With this essay and a painting depicting a boy doing homework while helping his parents with their restaurant business, Kang won the first prize for the Summer/Winter Experience Competition organized by the IvyMax Foundation, which aims to promote involvement of students in community philanthropy.

"The parents from China and other Asian countries put so much emphasis on their children's academic performance and tend to overlook the importance of serving the community," said Vickie Zhang, co-founder of the IvyMax Foundation.

"Four or five years ago, we launched a summer program organizing Chinese-American students to visit orphanages and rural schools in West China. After they came back, we found them ‘changed' – they learned to be grateful," Zhang said. "And that's the reason to hold such a competition."

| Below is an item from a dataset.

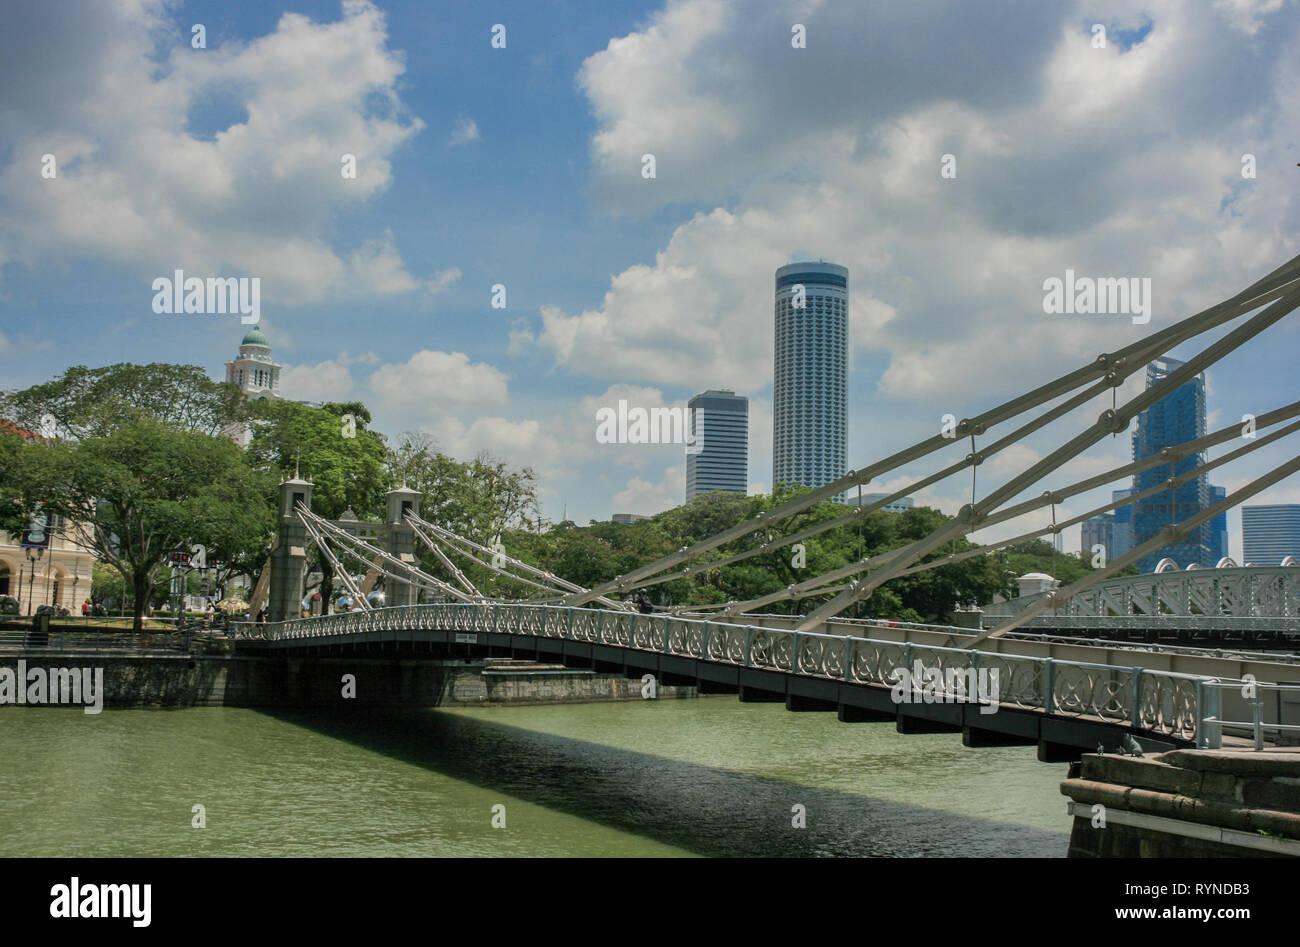 Cavenagh Bridge looking towards the Victoria Theatre, Singapore - Stock Image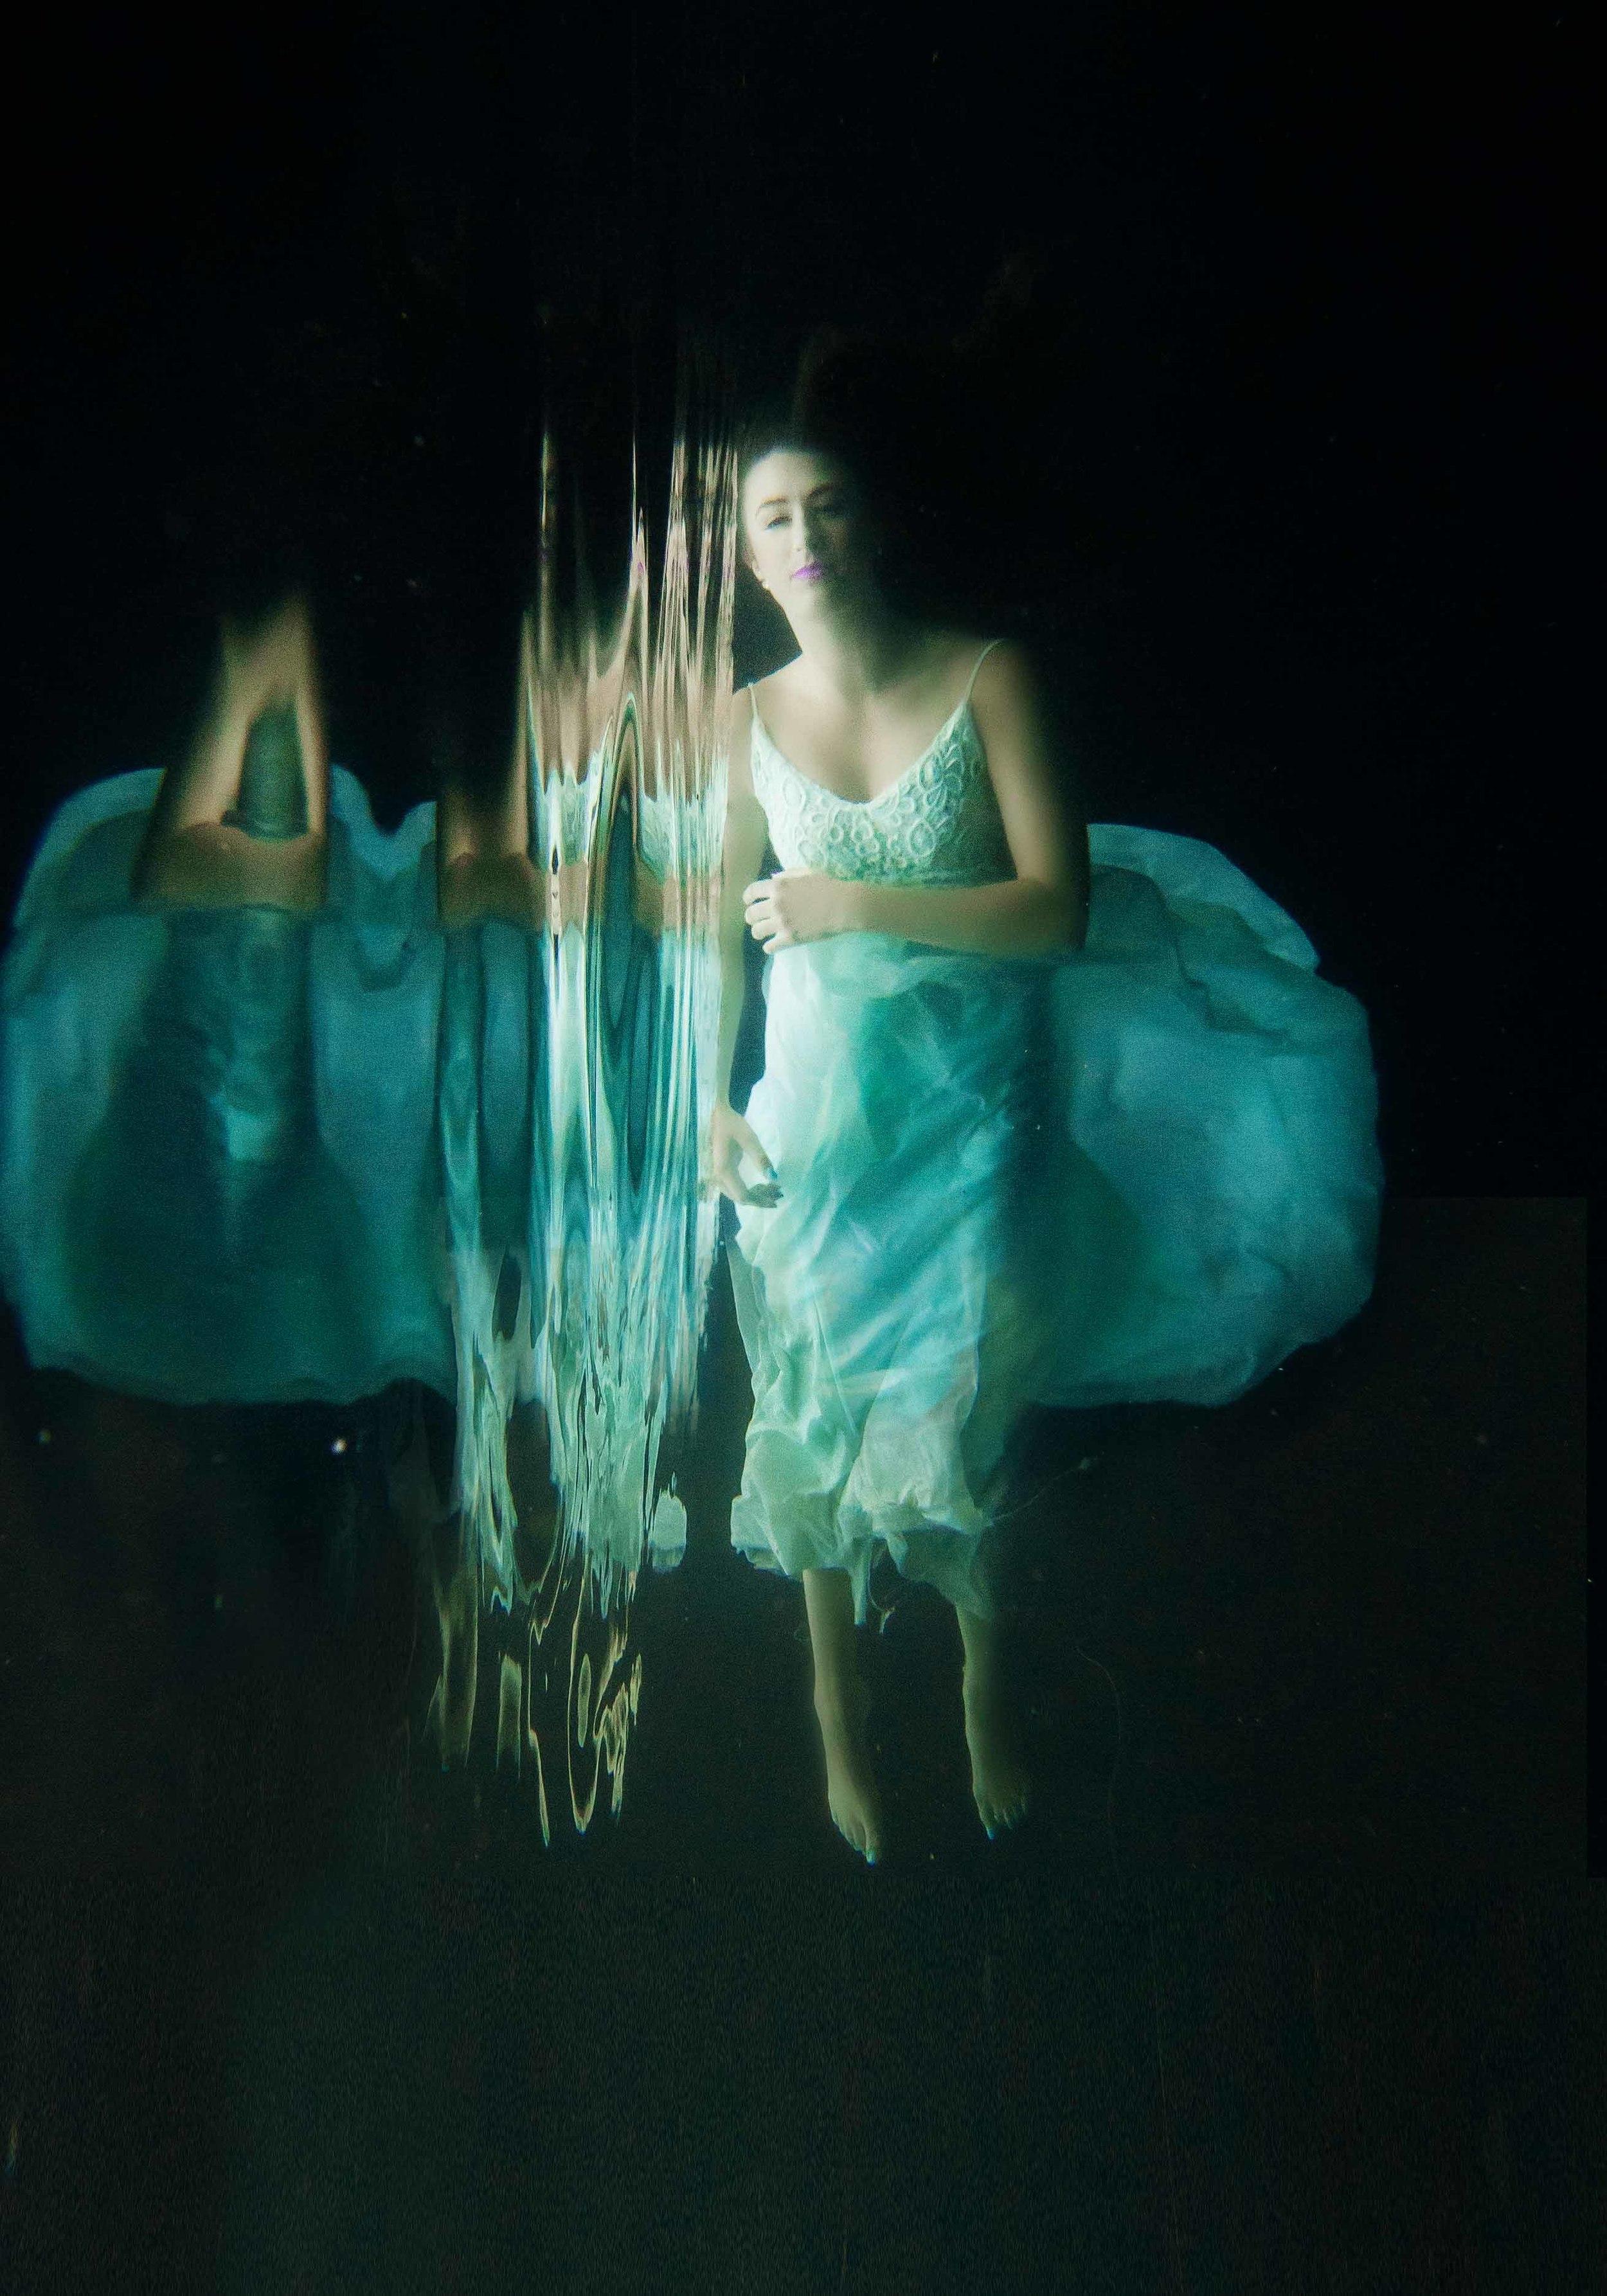 lauren_MERMAIDSESSIONS_BrienneMichelle_Photography.JPG

Open to US students between the ages of 12 and 18, the competition solicited thought-provoking works, including essays, paintings and videos, to demonstrate the students' efforts in philanthropy projects in the hopes of inspiring their peers to participate as well.

This year, around 80 students submitted their works. Besides the Summer/Winter Experience prize, eight students' clubs were awarded the prizes of "Students' Clubs Sponsorship Plan" by presenting their projects and development plans.

Caroline Zhou, 16, from California High School in San Ramon, received the third prize on behalf of the group "Public Health Students' Club", which has more than 10 members now.

She and her group visited a rural village in Northwest China's Ningxia region last summer on a tour organized by IvyMax, where the group was divided into three teams responsible for studying the local lifestyle and sanitation, interviewing residents, and shadowing local doctors.

"We found their drinking water was taken from the Yellow River, which was contaminated," said Zhou. "So we started a project of purifying the water," said Zhou, whose parents are a doctor and engineer.

"Drinking the contaminated water can cause liver cancer and hypertension," added William Liao, 17, from Dublin Quarry Lane School, whose parents are doctors. "But we were surprised how optimistic the villagers were, even if they knew the water was polluted. That's when we learned what optimism was all about."

Back home, the students didn't stop their public health project in Ningxia.

"We held auctions to help raise money," said Zhou. So far, hundreds of dollars have been raised and sent to the village. "We plan to register our club as non-profit organization so as to increase community exposure to local health issues," she said.